ADR-006: Sequence deduplication by MD5¶

Date:: 2025-12-10
Author:: frapercan
Status:: Accepted

Context¶

UniProt has ~570K accessions in Swiss-Prot, but only ~540K unique sequences. The remaining 30K are isoforms or cross-references sharing the same amino acid chain.

Computing the embedding for a sequence costs ~0.5s on GPU. Processing 30K duplicates wastes 4+ hours per full run.

Decision¶

When inserting proteins, we compute the MD5 hash of the amino acid string. The Sequence table has a unique constraint on ``sequence_hash``:

If the hash already exists -> reuse the existing Sequence.id.
If it does not exist -> insert a new row.

Multiple Protein rows (one per UniProt accession) point to the same Sequence. The FK Protein.sequence_id is intentionally non-unique.

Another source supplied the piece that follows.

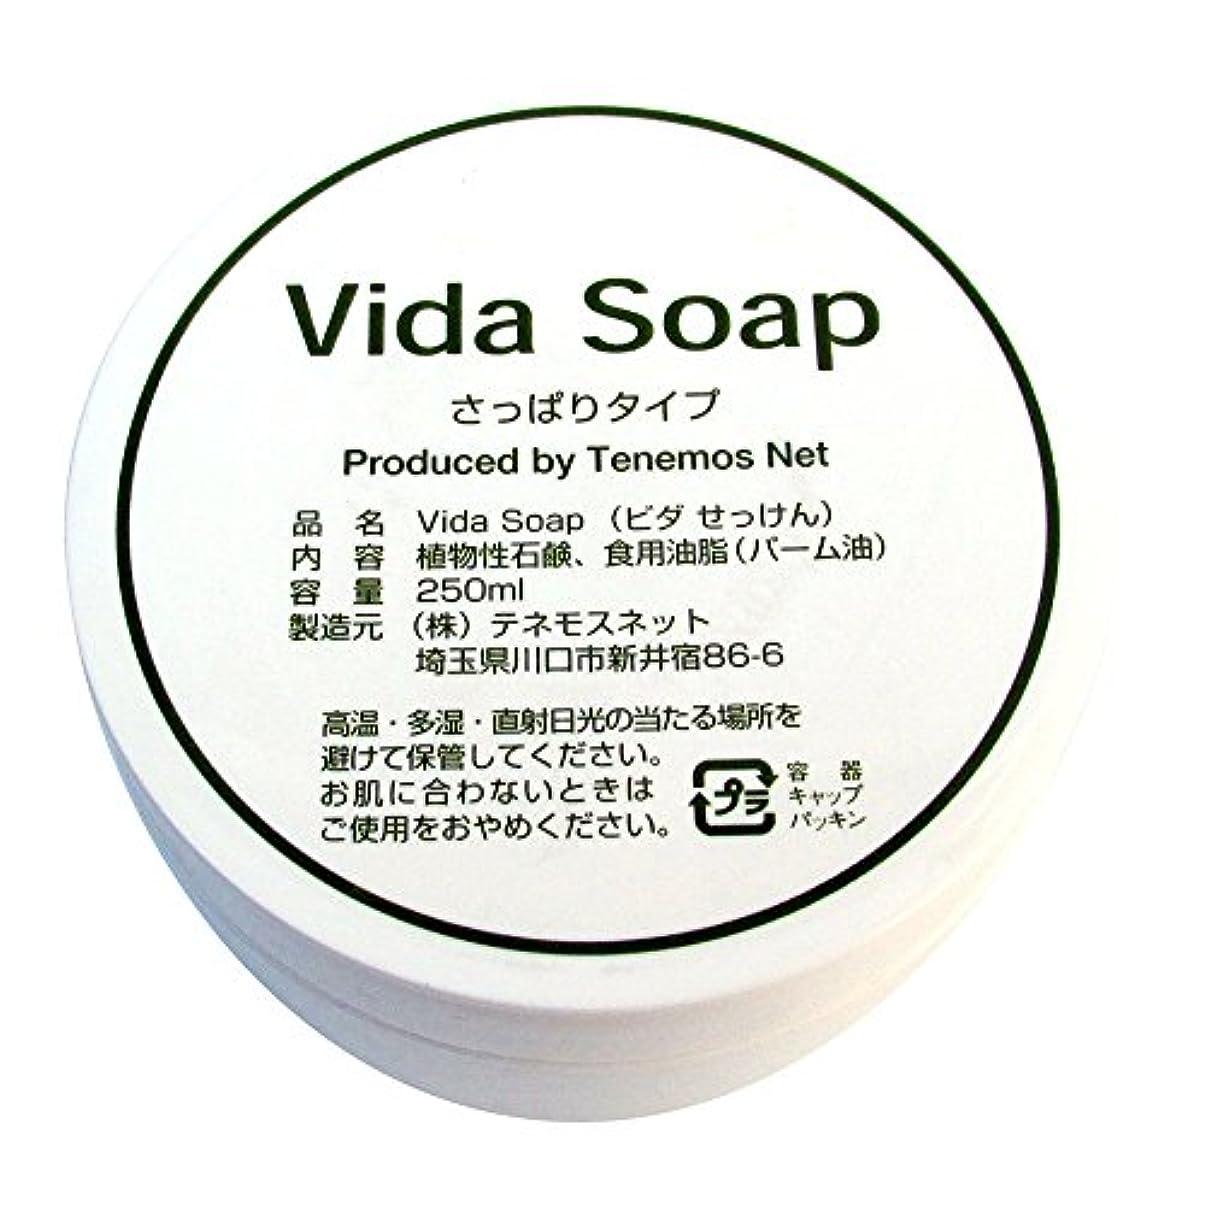 エゴイズムバーチャル従来のテネモス ビダせっけん Vida Soap さっぱりノーマル 植物性 250ml
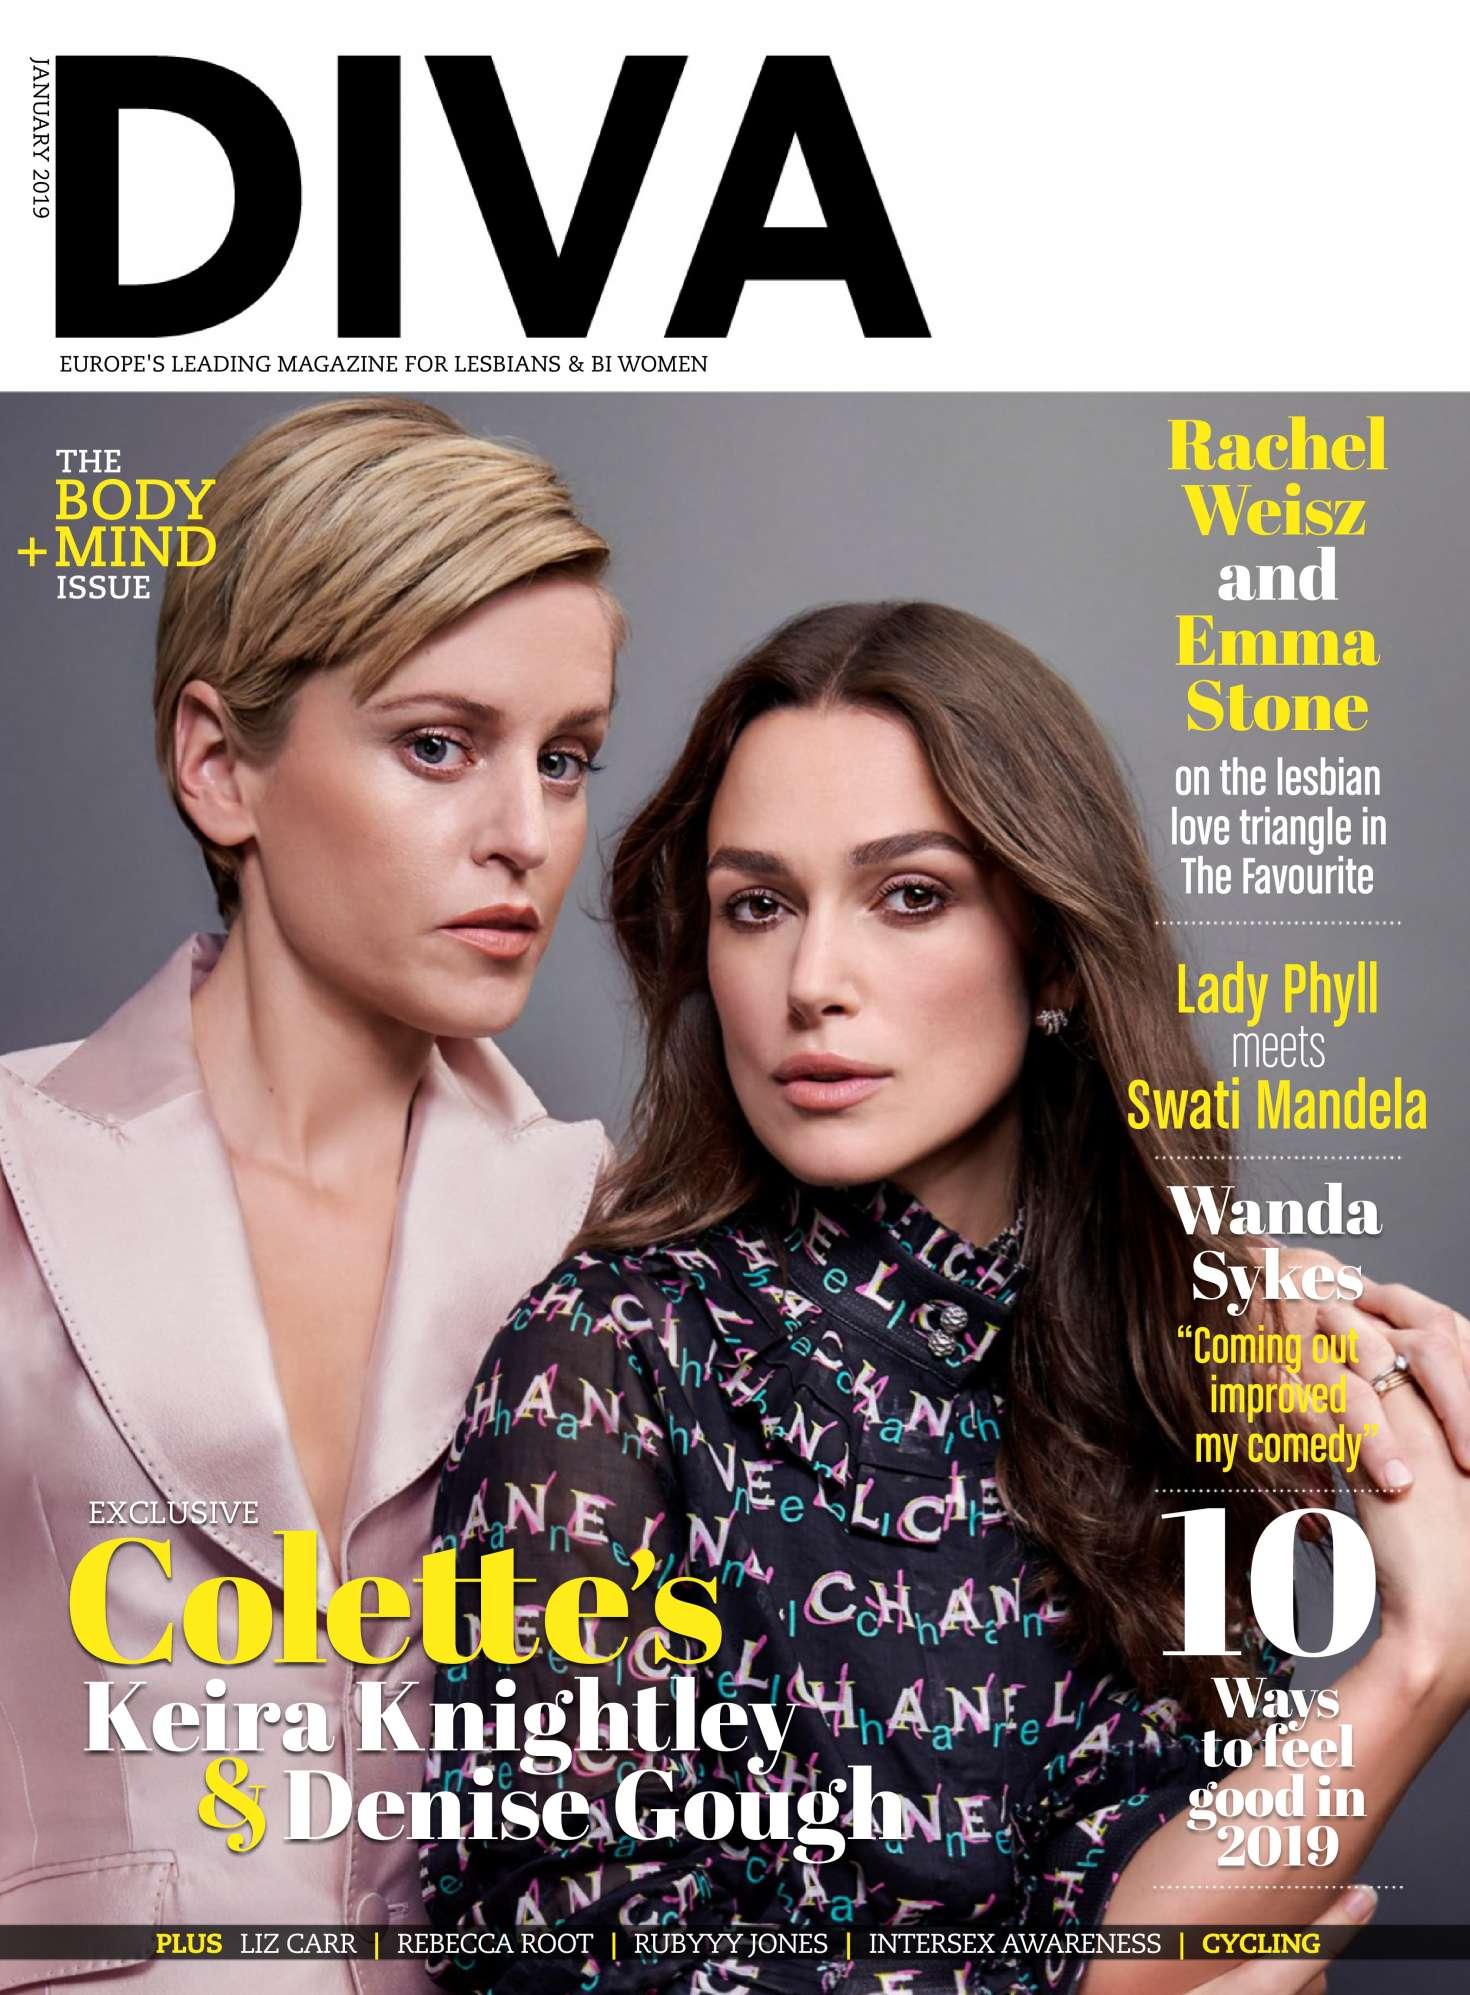 Keira Knightley and Denise Gough - Diva UK Magazine (January 2019)

When the embedding pipeline runs, it only processes Sequence rows without an embedding; duplicates are skipped automatically.

Consequences¶

MD5 is not cryptographically secure, but that does not matter here: there is no adversarial input, only biological sequences.
Sequences with a single mutation produce different hashes and are stored separately. This is correct: a mutation changes the embedding.

Rejected alternatives¶

SHA-256: digest twice as long, zero practical benefit.
UNIQUE on the sequence text column: indexing multi-kilobyte text columns is expensive; the 32-char hex digest is far more efficient.
CD-HIT clustering (90-95% identity): useful for reducing redundancy in evolutionary analysis, but here we need exact deduplication (100%).